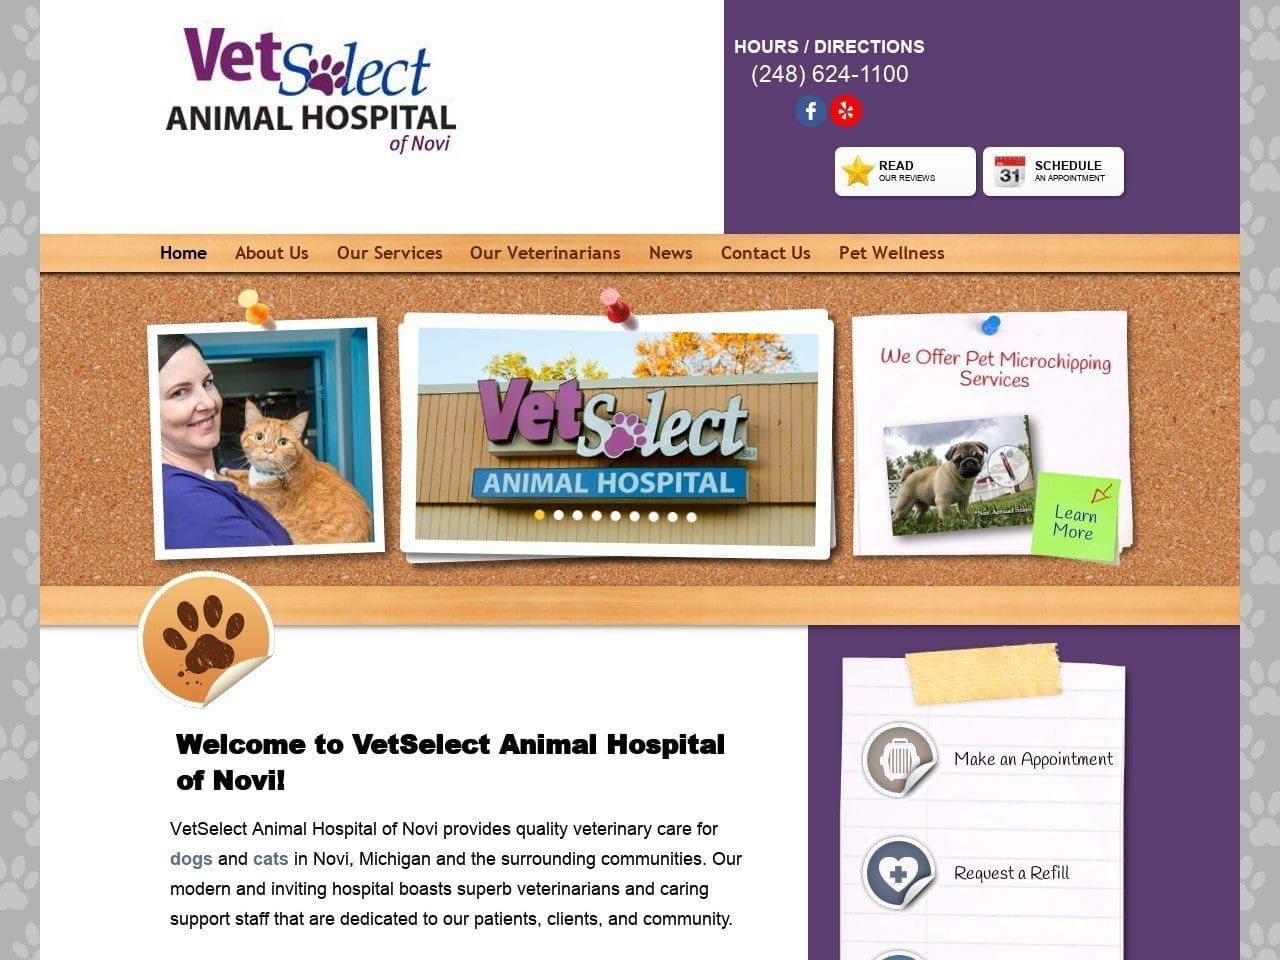 Vet Select Animal Hospital Website Screenshot from vetselect.com
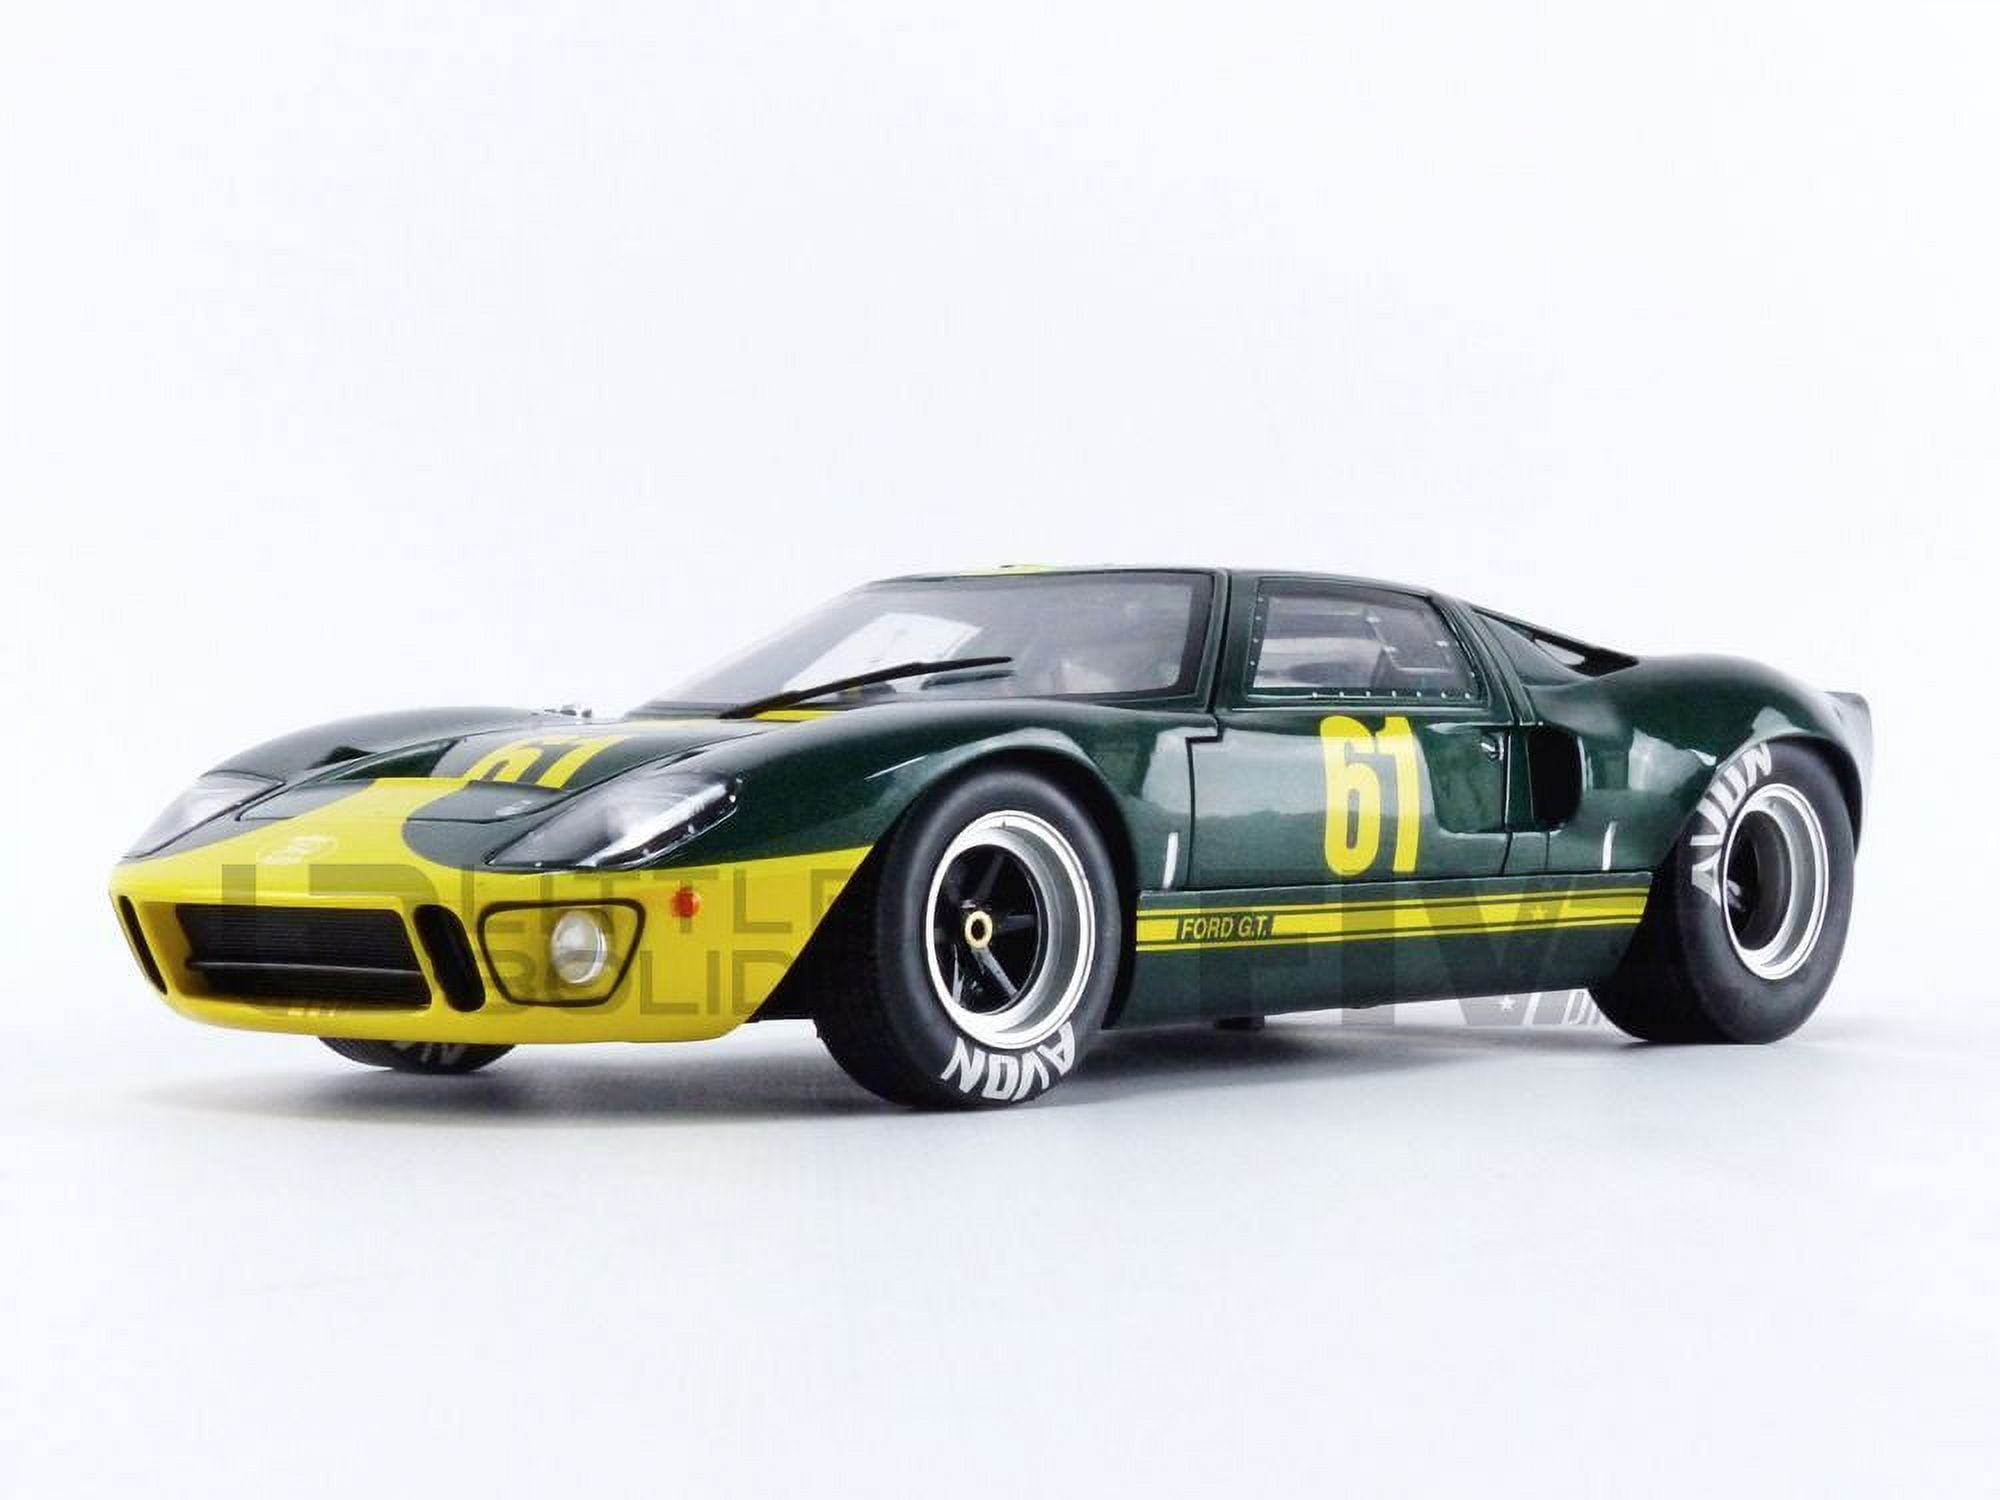 SOLIDO 1/18 - FORD GT40 MK1 - Winner Le Mans 1968
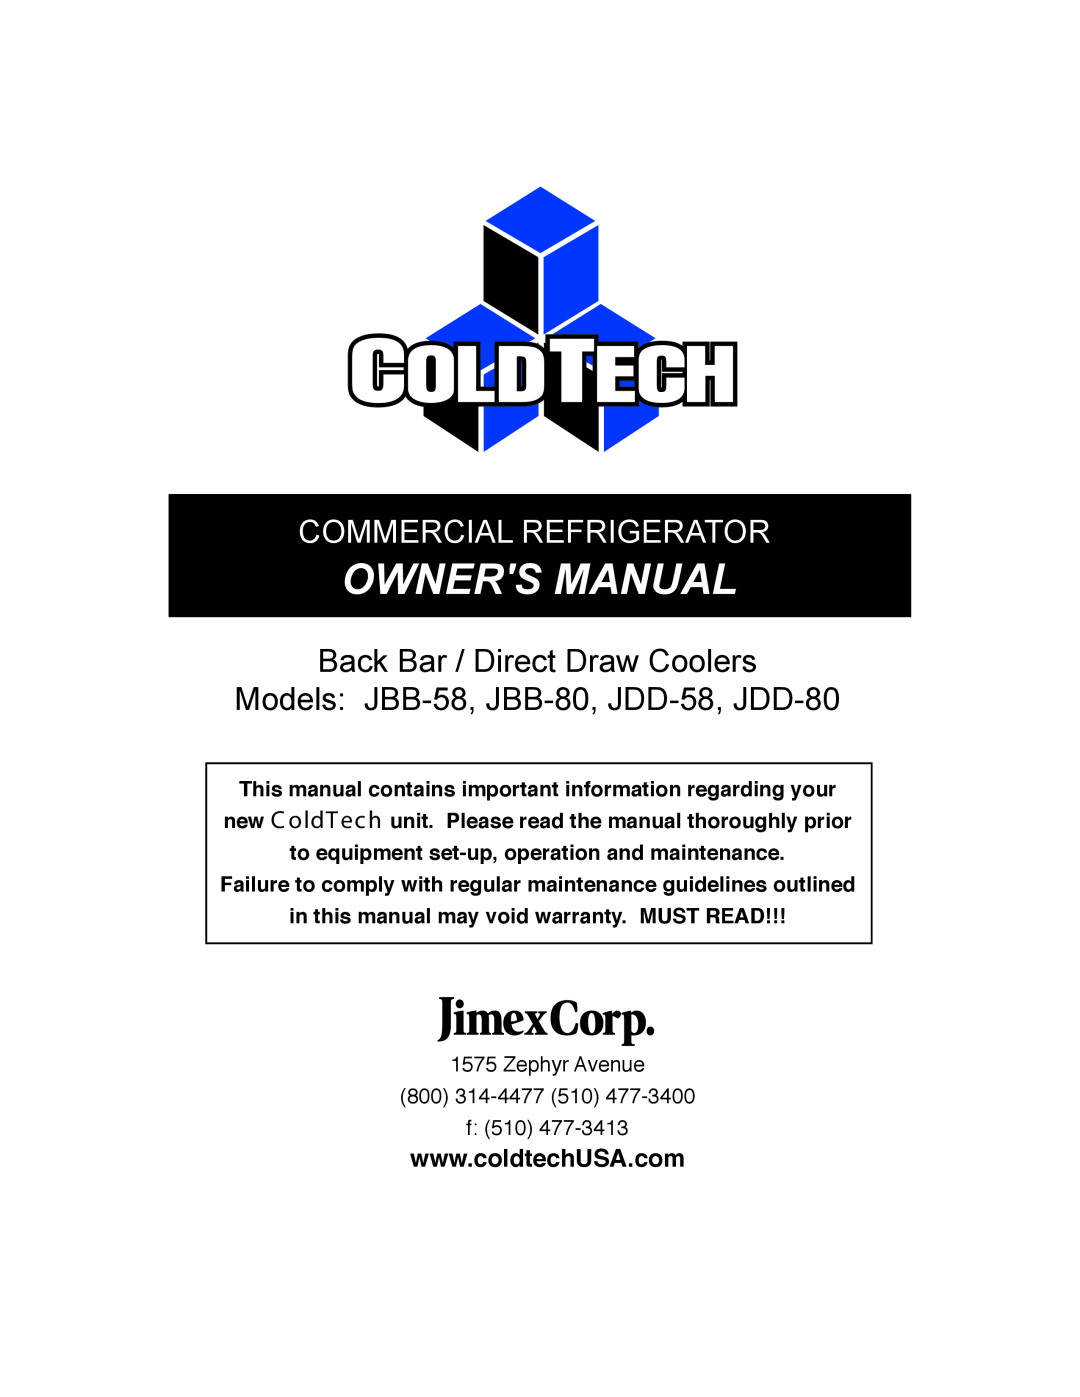 ColdTech owner manual Back Bar / Direct Draw Coolers, Models JBB-58, JBB-80, JDD-58, JDD-80, Commercial Refrigerator

Aim of the task: Exclude the pictures. Write out the remaining data exactly.

Solution for this problem:
 Vet Select Animal Hospital Website Screenshot from vetselect.com
 SOLIDO 1/18 - FORD GT40 MK1 - Winner Le Mans 1968
 ColdTech owner manual Back Bar / Direct Draw Coolers, Models JBB-58, JBB-80, JDD-58, JDD-80, Commercial Refrigerator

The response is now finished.